One thing I have learned today..........I'm rubbish at building fires.

Sunday 1 February 2009

I'm not a one to rush into things but.........


......I have been trying to set up this blog for the past 4 months! Oh well. I never pretended to be great with technology.

So why the title "Six Quails in Wales" - perhaps I should begin by explaining myself. I have been home educating our 4 children for the past 2 and a half years. When we started out, we just wanted a different lifestyle - I didn't like the pressure my children were continually under at school. It seemed to be all about SATS and league tables - not about education at all. So we took the plunge and deregistered them - quite a leap for someone like me who had spent her life playing by the rules! Perhaps it was a mid life crisis!
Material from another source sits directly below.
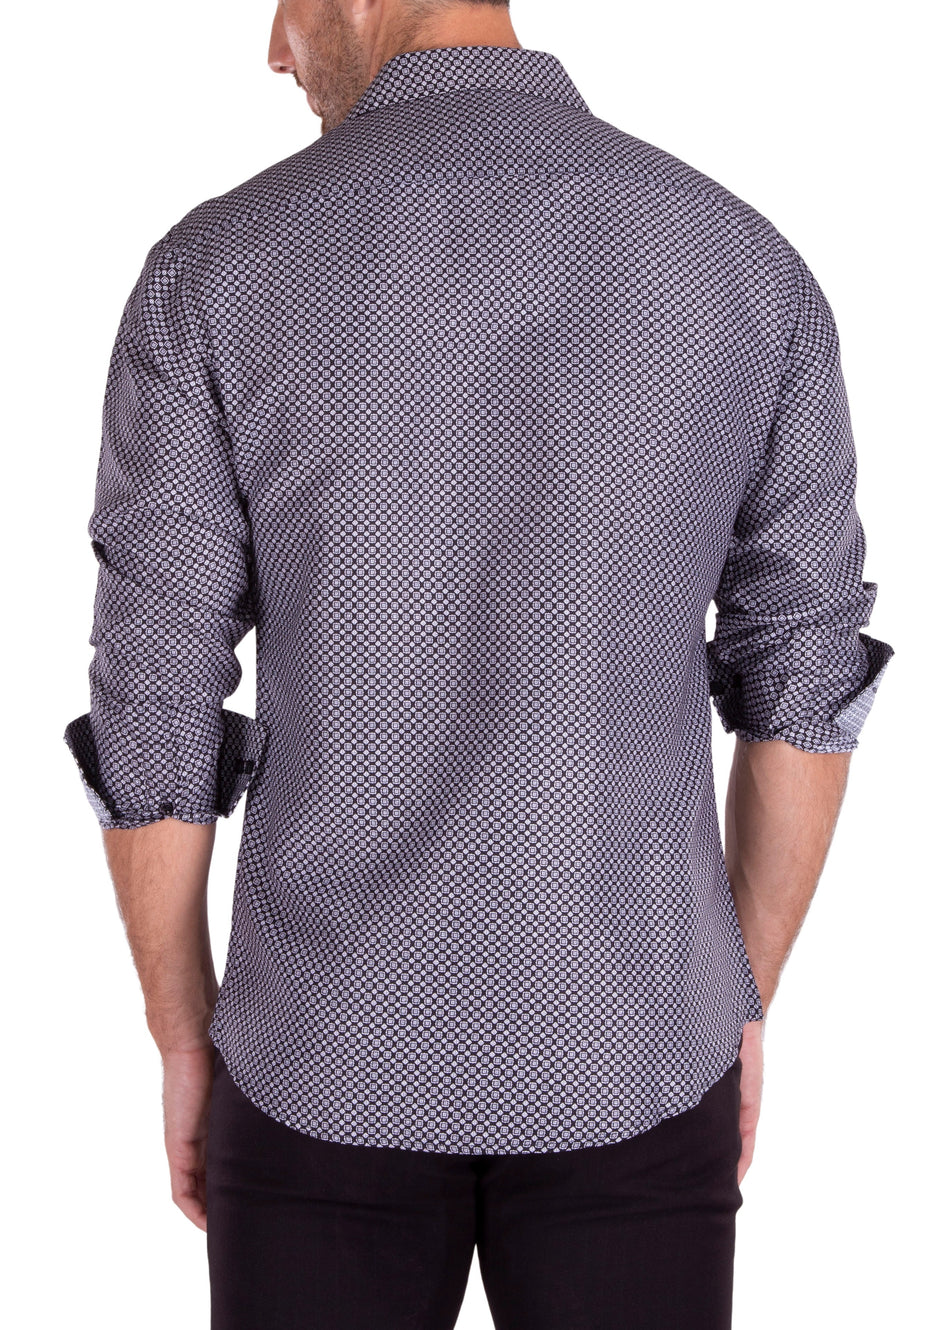 212388 - Black Long Sleeve Shirt

I don't think I really knew what I was expecting home education to be like. Its a bit like being on a roller coaster ride, with emotions ranging from exhilaration to total blind panic. But for all the highs and lows it just feels right. Its nothing like school - I want the children to follow their own interests. Trusting them in this way has been something I have not found easy - but I'm learning! And that's the point. Home education is a journey of discovery for the whole family - we are ALL learning, about the world, about maths, about eachother, about everything and anything that comes our way. I am learning so much about myself and about my children - stuff that I know I just would have missed if we had continued in that crazy treadmill that we were all on before. We still do the maths, science, history and so on, but there is so much more to educating young people than learning facts. They need to be equipped to cope with an ever changing world - that is the real challenge.
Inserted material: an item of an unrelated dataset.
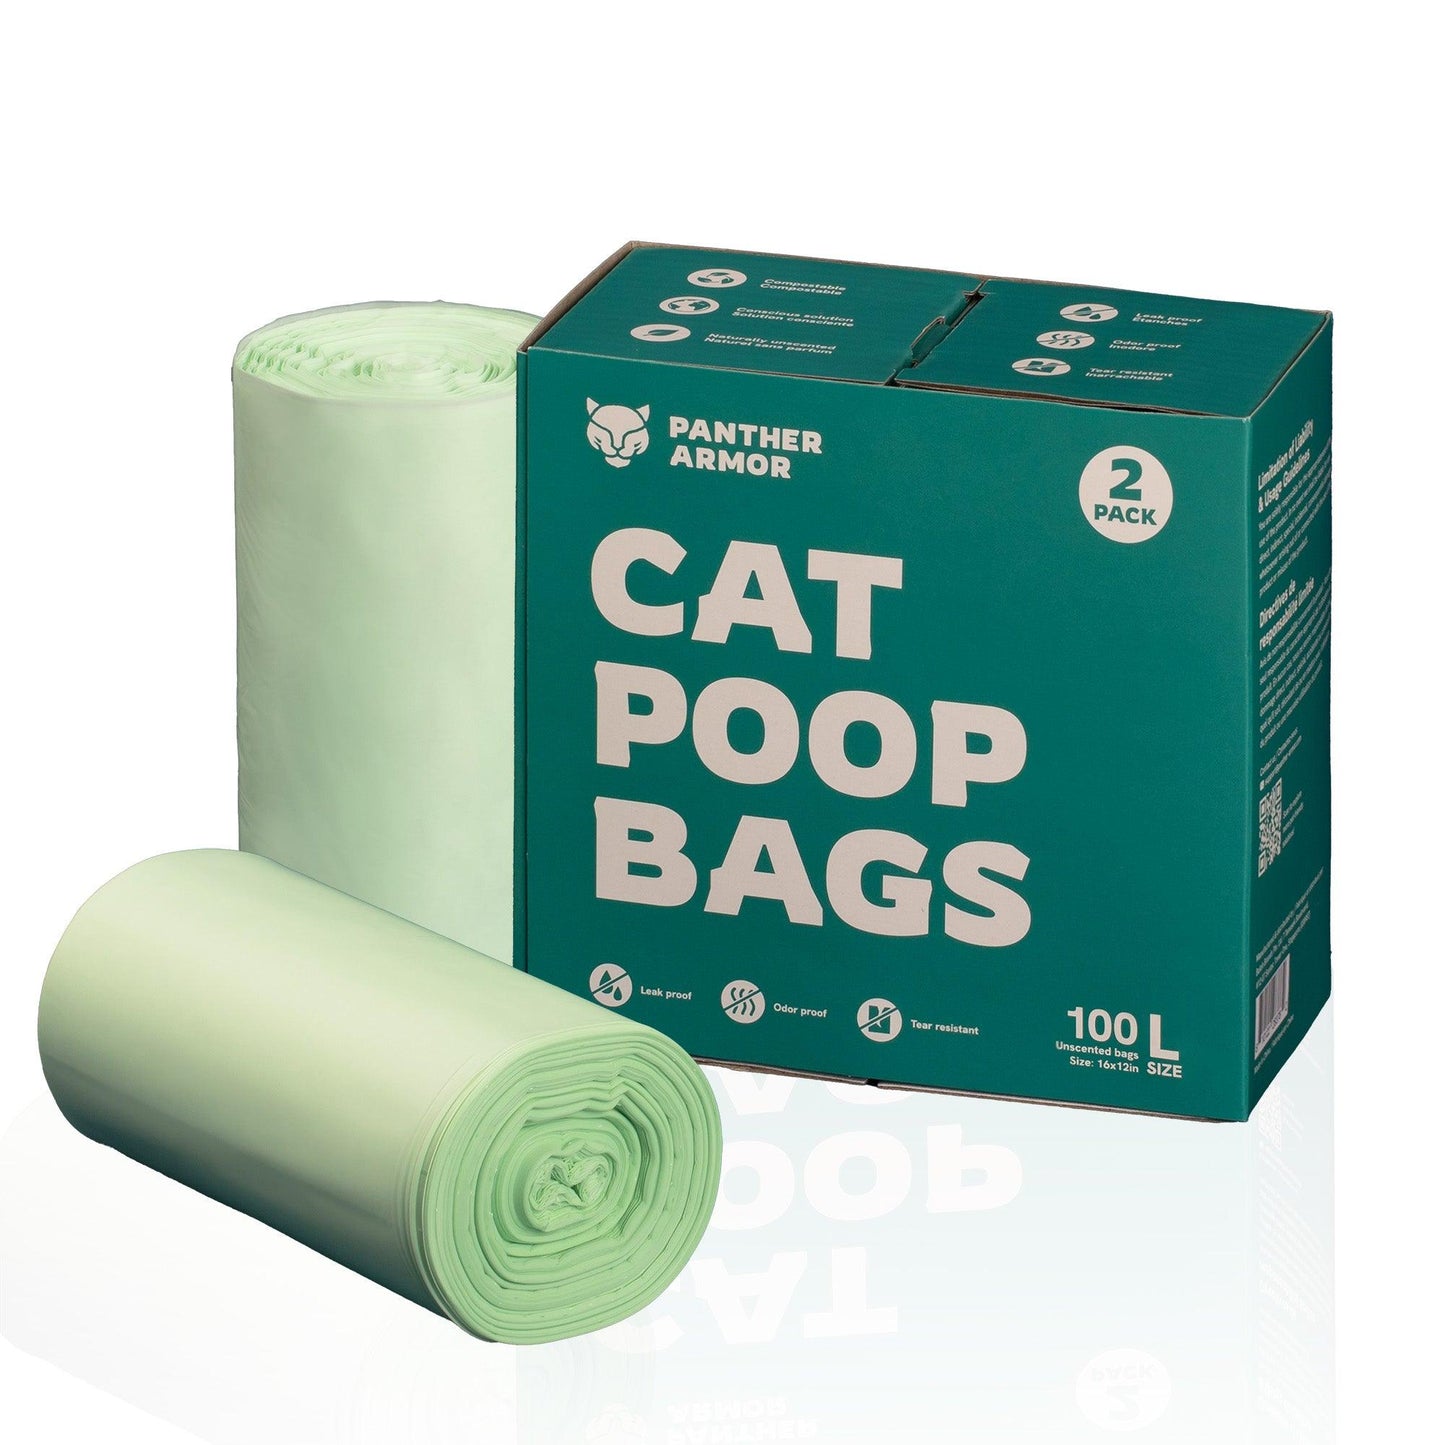 Cat Poop Bags

But I digress..... back to the title of this blog!

There have been many special moments since we began home educating, but for me one of the highlights was when my teenage daughter asked if she could hatch some quails in her bedroom! To her total surprise (and mine) I agreed! She researched the subject and thanks to the kind loan of an incubator and heat lamp from another home ed friend (thanks) she managed to hatch 8 chicks from 21 eggs.



It was such a simple thing, nothing earth-shattering at all really, yet it was symbolic of how home ed had changed our lives. Coming from an Essex council estate where the only livestock consisted of cats and budgies, it felt like a real trip into the unknown for me! I don't believe we would ever have done such a thing had the children remained in school - it was a product of my daughter having time to develop an interest in birds, a product of all the wonderful new people we have been meeting all from different backgrounds, with different interests and experiences, and in a small way, a product of how I have learned to view the world differently now. It was a life enriching experience for all of us. And that's what home education is more than anything - a life enriching daily experience that has become a natural part of our lives.

As for the quails, we sadly lost 2 of them so we are left with 6 - just as we are a family of 6! They have moved with us to West Wales where we are looking forward to enjoying the surf, the wildlife and the landscape (well perhaps not the quails!)..............and the next chapter of our home educating life.